Kartellamt ermittelt in Dämmstoff-Industrie

BONN (dpa). - Das Bundeskartellamt ermittelt wegen des Verdachts unerlaubter Absprachen in der deutschen Dämmstoff-Industrie.

Bereits Mitte März habe es dazu eine groß angelegte Durchsuchungsaktion von 59 Kartellfahndern mit Unterstützung der Polizei gegeben, sagte jetzt ein Kartellamtssprecher in Bonn auf Nachfrage. Die Behörde prüfe, ob die Unternehmen Preise und Vertriebsgebiete für Hartschaum zur Dämmung von Neubauten zulasten der Kunden untereinander abgestimmt haben.
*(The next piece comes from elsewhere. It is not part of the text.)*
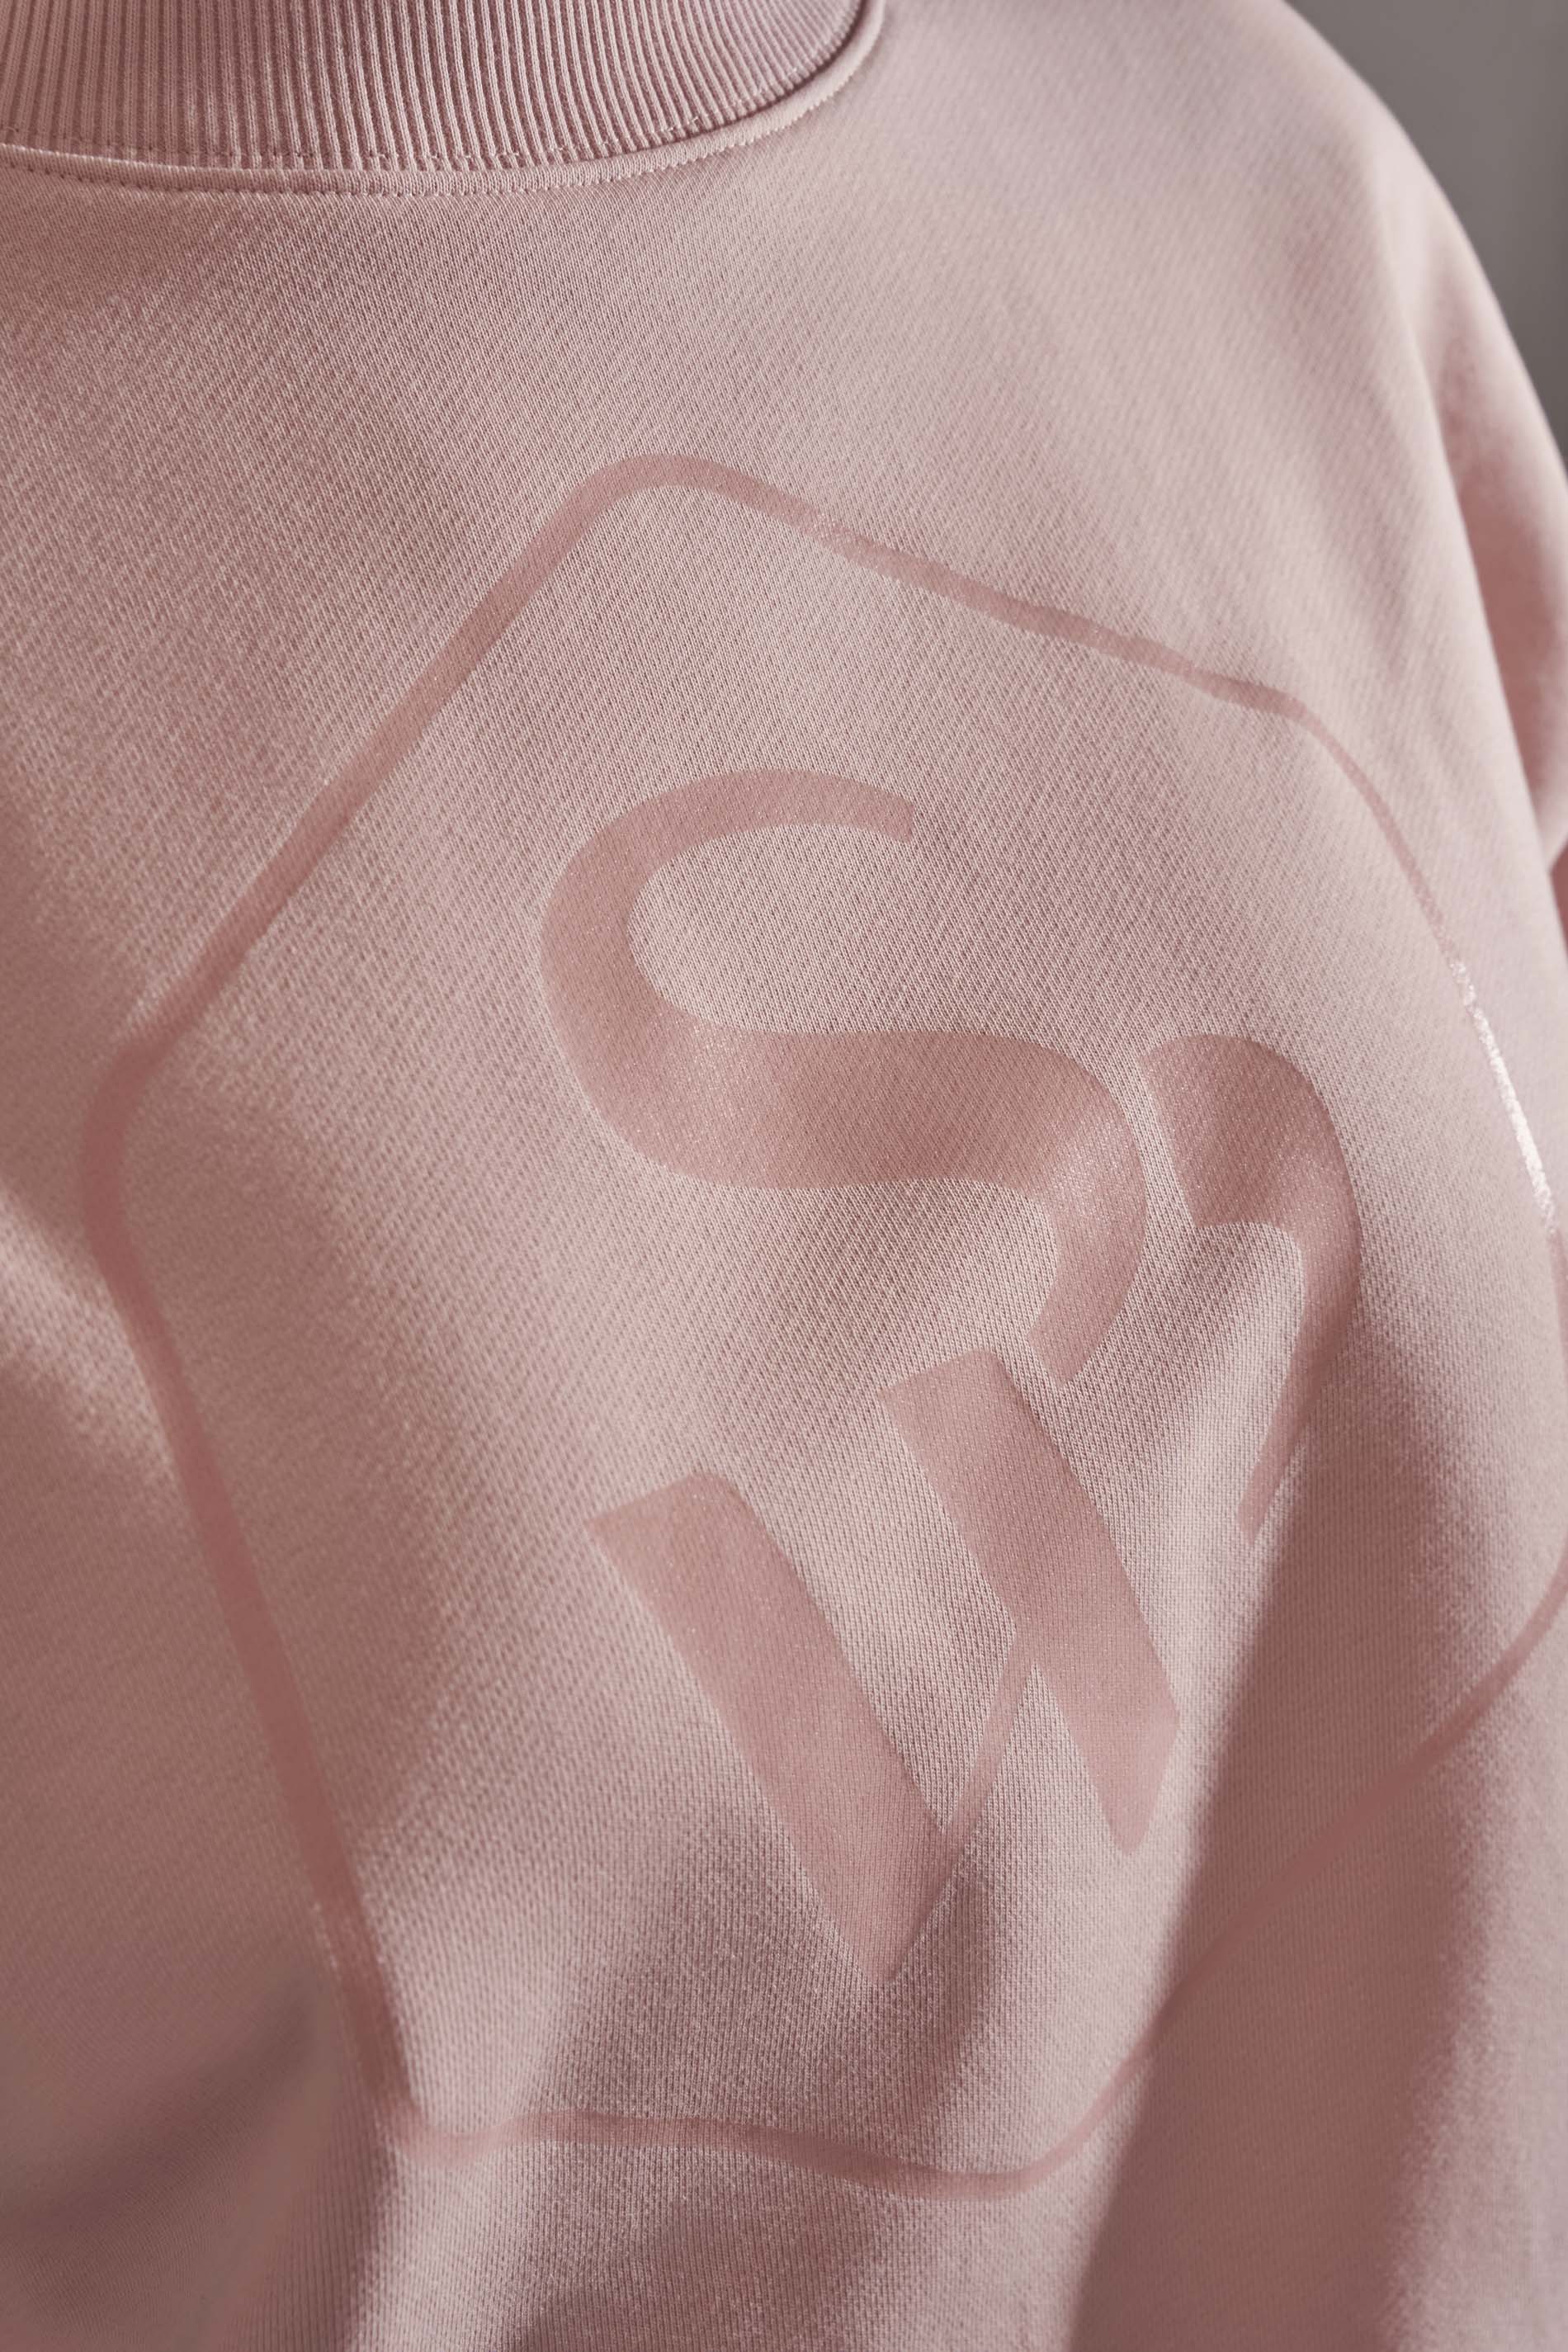 Sweatshirt Serie Cozy Detailansicht 01 | mey®

Ein Sprecher des Industrieverbands Hartschaum (IVH) betonte in einem ersten Statement, man sehe keinerlei Hinweise auf verbotene Absprachen. Schon 1997 habe es ein ähnliches Verfahren gegen Mitglieder der Branche gegeben, das später eingestellt worden sei. Dennoch unterstütze der IVH die Arbeit des Bundeskartellamts, sagte der Sprecher. Es geht um den Zeitraum von 1998 bis heute. Ermittelt wird vom Bundeskartellamt gegen 20 Unternehmensgruppen und zwei Industrieverbände. Ungeachtet der Ermittlungen gelte bis zu deren Abschluss die Unschuldsvermutung, betonte der Kartellamtssprecher in einer Stellungnahme.